Drug sensitivity testing can be performed with pre-designed drug libraries that are commercially available from suppliers such as Selleck Chemicals (https://www.selleckchem.com/screening-libraries.html) or MedChemExpress (https://www.medchemexpress.com/), or with custom drug libraries designed by the user. The drug library is designed with high throughput in mind, accounting for the solubility of the compounds, favoring those that can be dissolved in DMSO or water. Each drug is typically tested at multiple concentrations, such as five 10-fold serial dilutions. The concentration range can be determined for each drug individually, or a more general approach can be applied where an equally broad concentration range is used for all drugs. The drug sensitivity curves provide information on drug efficacy and allow for calculation of parameters such as the EC50 (half maximal effective concentration), the bend points where the effect of the drug changes from exponential to asymptotic, and the dynamic range or the range located between the EC10 and EC90 (Fig. 1c). Fitting concentration-response curves to efficiently calculate EC50 values requires a minimum of 5 doses, with 6 being optimal: two doses before the low bend point, two doses after the high bend point and at least one dose, ideally two, in the slope (Fig. 1c) [31].

Drug combinations

Different approaches can be taken when screening for drug interactions.
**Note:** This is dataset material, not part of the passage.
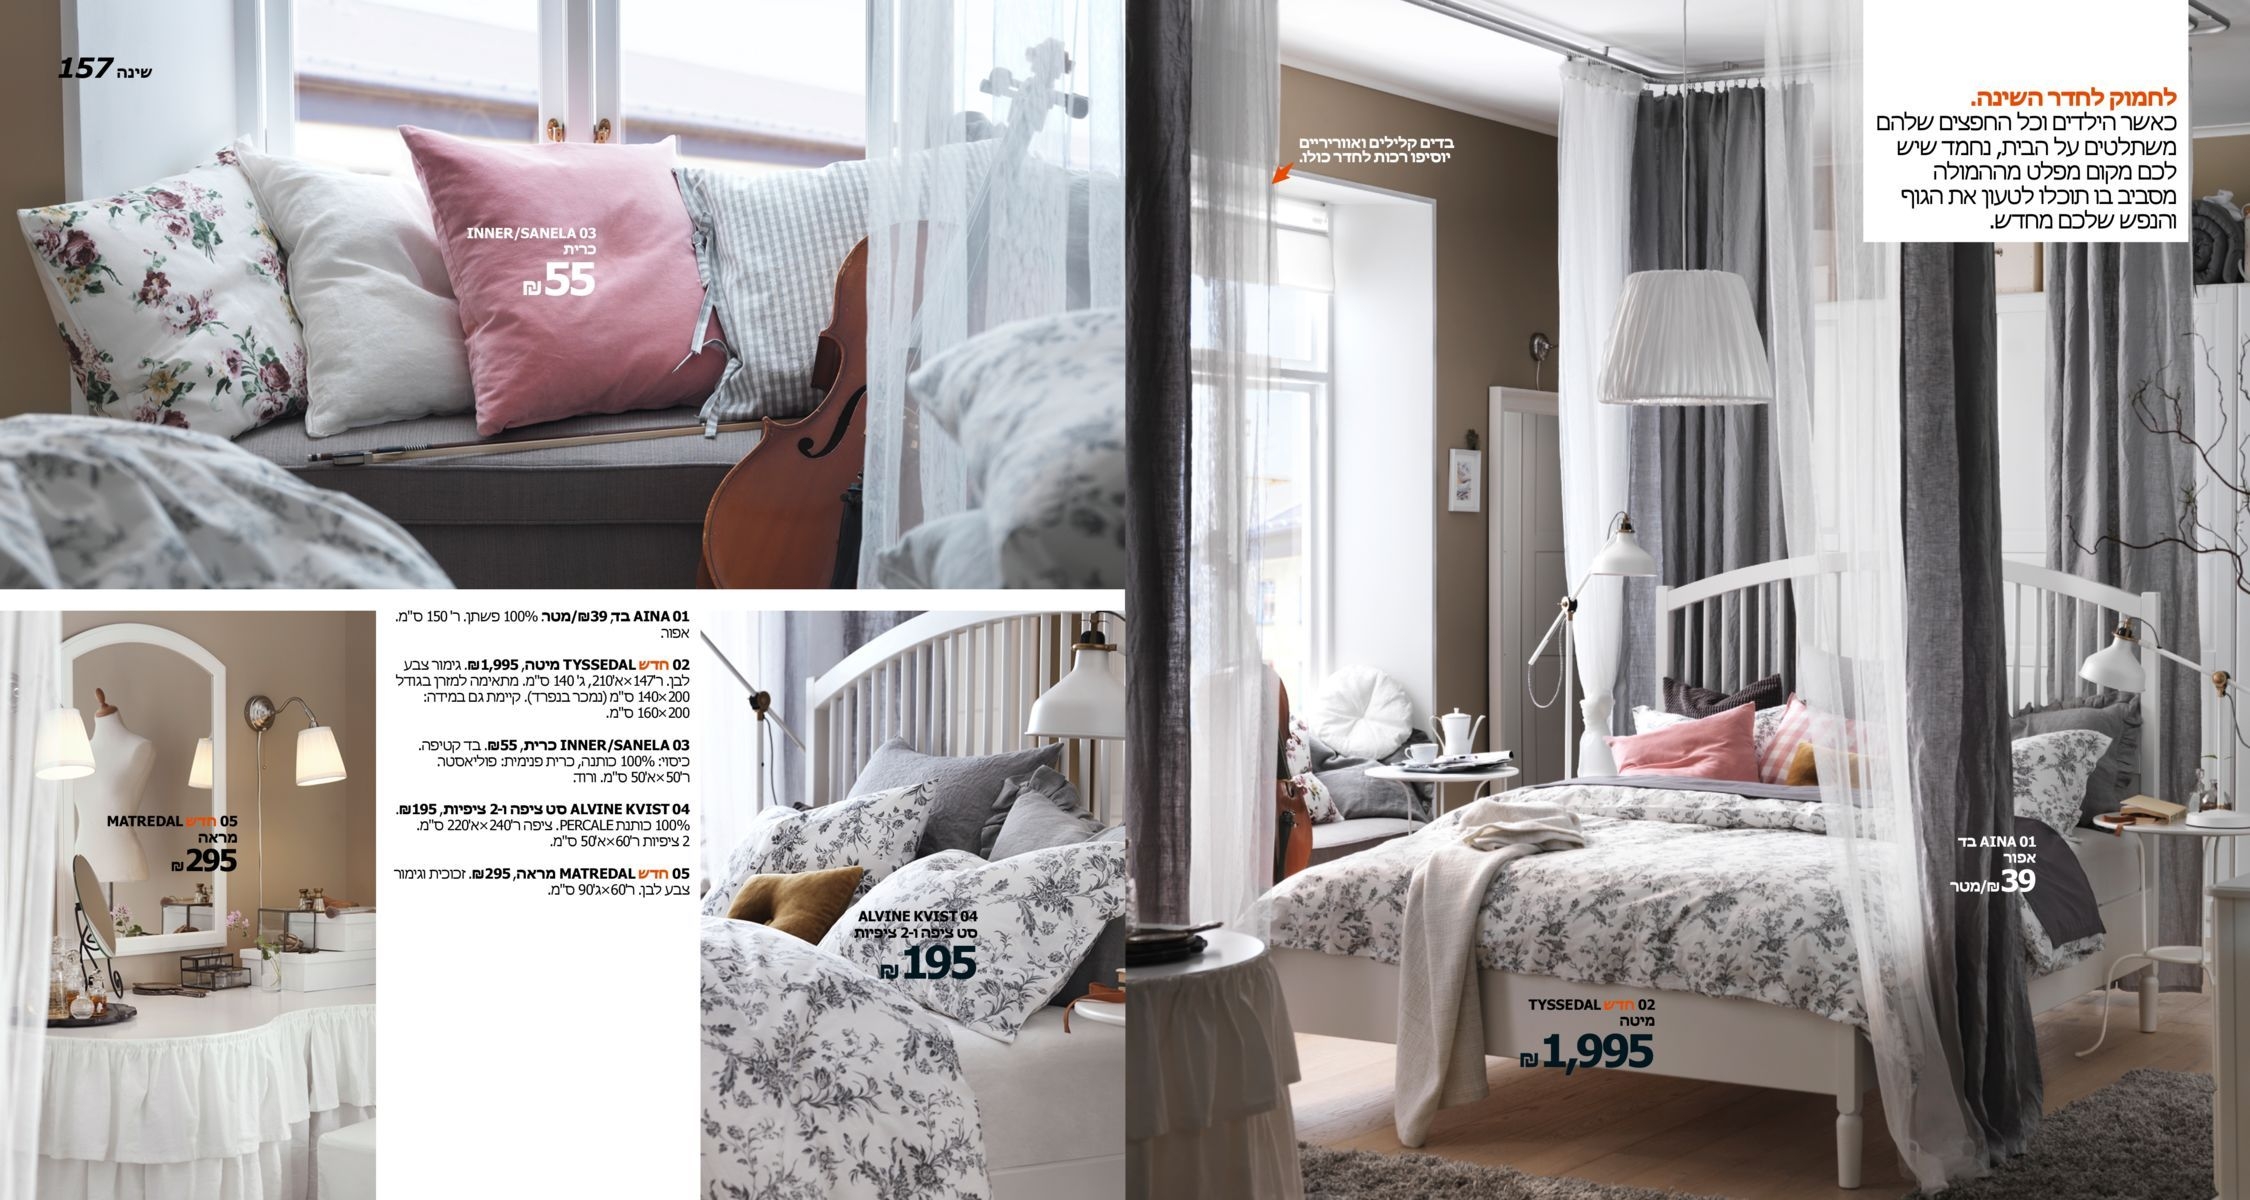 קטלוג איקאה 2016 Ikea Ikea Ikea Catalogue 2016 Home Furniture

The most complete approach would be to test the two drugs at every possible concentration combination, the so-called full matrix (Fig. 1d, left panel). However, this approach is highly resource-demanding. To reduce the number of patient cells and amount of reagents required for testing drug responses in multiple concentration combinations, the user can choose to test only part of the concentration-combinations using one of the following designs (Fig. 1d): (i) Fixed-concentration, or anchored, design: various concentrations of one agent are tested with a pre-defined concentration of the second agent (Fig. 1d, second panel); (ii) Fixed-ratio diagonal design: the diagonal dose-combination elements of the full pairwise concentration response matrix are tested (Fig. 1d, third panel); (iii) Fixed-ratio x-design: both diagonal concentration-combination elements (the “x”) of the full pairwise concentration response matrix are tested (Fig. 1d, right panel). Data analysis tools are available that can predict the full matrix of drug responses based on these fixed designs [32].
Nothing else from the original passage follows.